We are well aware there are major costs to my government policy. One would argue that our biggest cost would be the cutoff of government funding via sin tax; and as a result we as citizens would feel the crunch. This; however, is not the case. Government has not only been taxing cigarette consumers but it has also filed several lawsuits against cigarette producers and has collected in excess of $246 billion over 25 years to be distributed to the States. (MBN, 9). The purpose was to help states with the promotion of anti-smoking campaigns. This is yet to take place. Infrastructure has taken place, college funds contributed to, and budgetary shortfalls have been eliminated but yet anti-smoking campaigns have been put on the back-burner. The stats i could find that illustrated the United States government using its taxation money are as follows: the Bureau of Alcohol, Tobacco, Firearms and Explosives devote only two percent of its personnel and budget to tobacco programs (Guevara, 2010). This is slightly pitiful.

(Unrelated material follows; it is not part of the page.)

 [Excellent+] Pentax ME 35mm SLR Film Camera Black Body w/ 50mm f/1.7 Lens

In this government policy, the government loses out on two taxation revenues. The first, as we mentioned, is the taxation directly on the cigarettes; the second is the taxation proportion on households in order to cover the medical bills related to tobacco induced illnesses. However, with my new government policy, this taxation revenue would not be necessary. The first taxation revenue would not be needed to fight the crime involved in smuggling, due to the diminishing demand for smuggled cigarettes. The second taxation revenue would not need to take place or needed for the medical bills to cover those with tobacco related illnesses because the government would not be liable for those victims anymore.

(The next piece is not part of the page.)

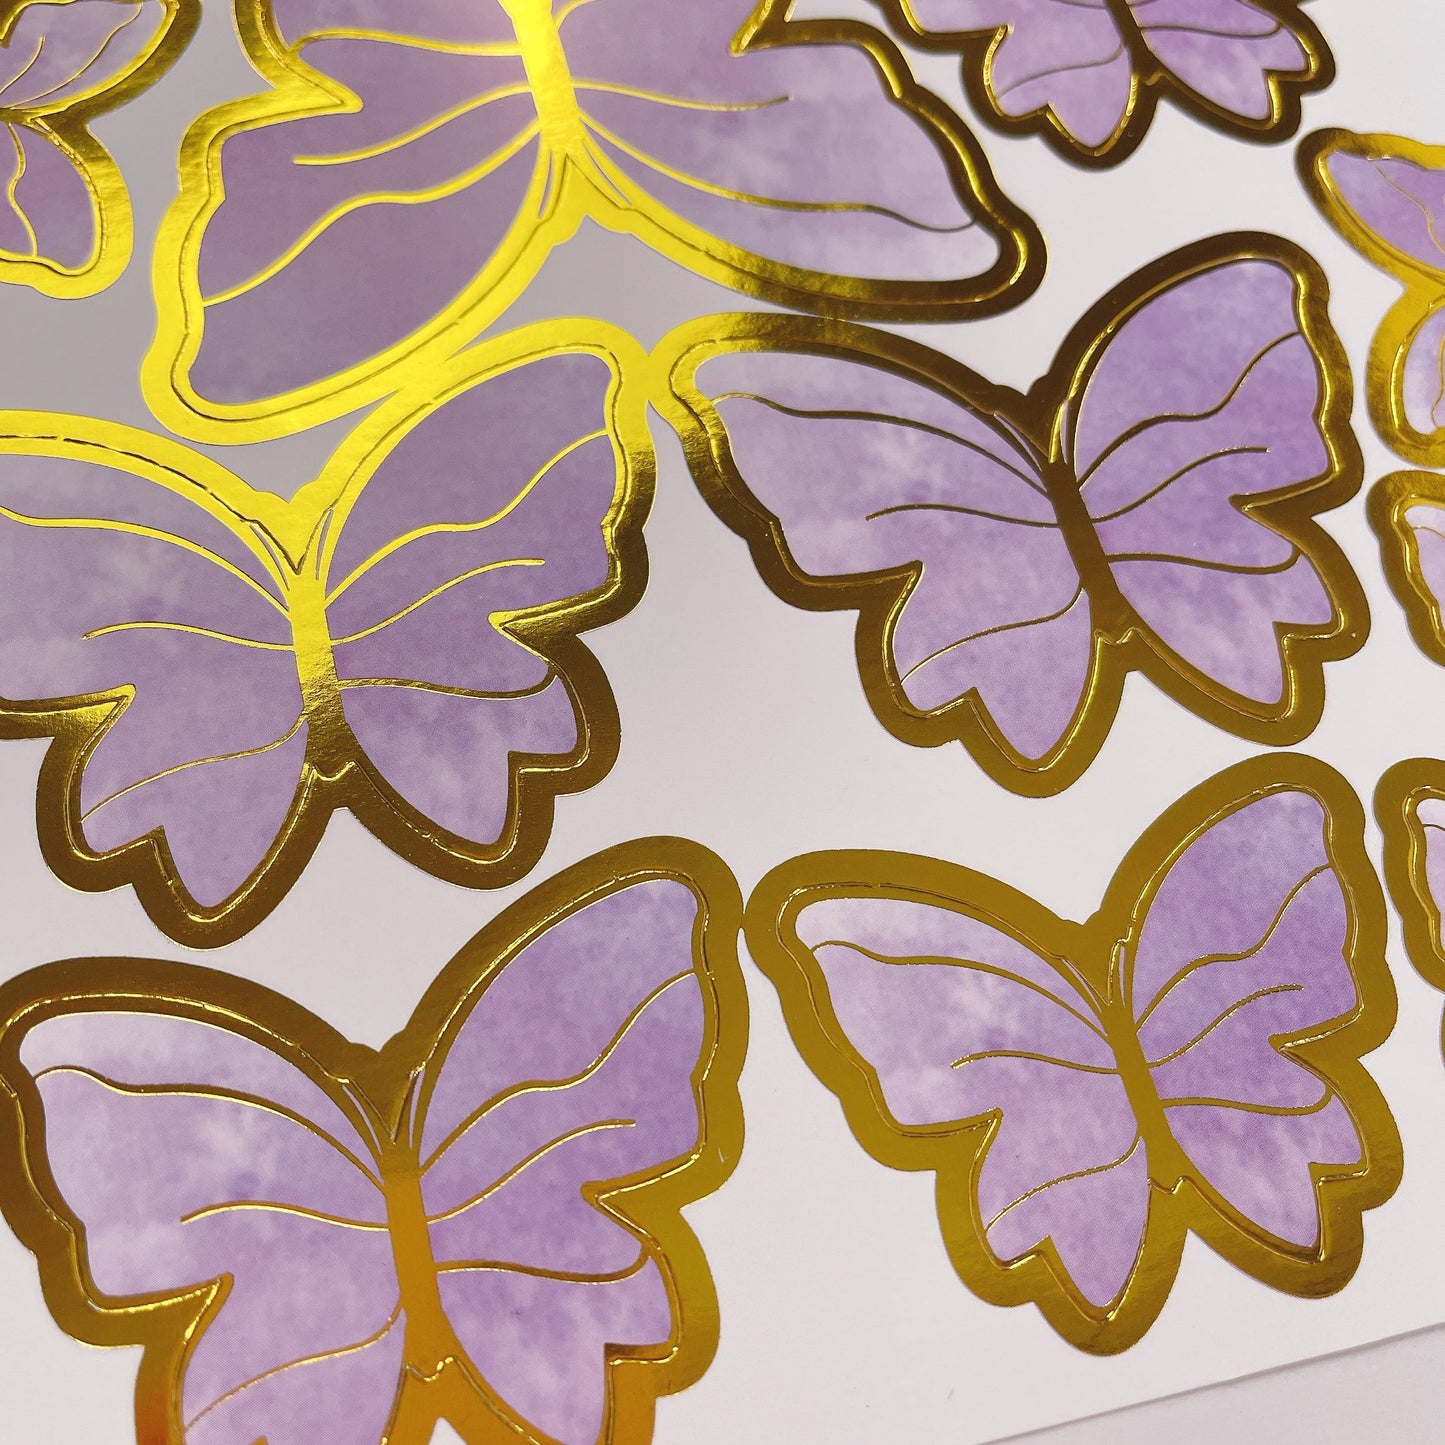 Card Stock Butterflies in Pink or Purple - Set of 10

There is another issue that requires necessary attention that we feel the government has overlooked in its current taxation process on cigarettes. The issue is that tobacco companies target teens because they are considered low-income individuals. A survey a few years ago shows that only 19 percent of people earning less than $50,000 per year smoked, while 32 percent of those earning less than $10,000 smoked (MBN, 9). This means that those 32 percent (smokers) who earn less than $10 000 per annum, have to pay the same amount of tax as those who earn over $50 000 or more. This is not fair but it is indirectly incentivized for them buy the cigarettes, knowing their medical bills will be taken care of they become ill from smoking. The taxation needs to be taken away; it does not need to become a luxury item, it needs to be fairly priced via the markets demand. We wouldn’t have to worry about those who earn less being used to the high prices and now they have lower prices and the product becomes more affordable for them. This would not be an issue because there would be a world-wide realization that they will not be able to afford the medical bills previously covered for them.

Our policy is one of extreme. It is fitting, though, in these times of extreme struggle and conflict. A policy needs to be implemented that will deflate conflict and naturally decrease the demand for criminal activities, such as the black market and the criminal activities related to it. This policy, if implanted and supported will take care of these issues.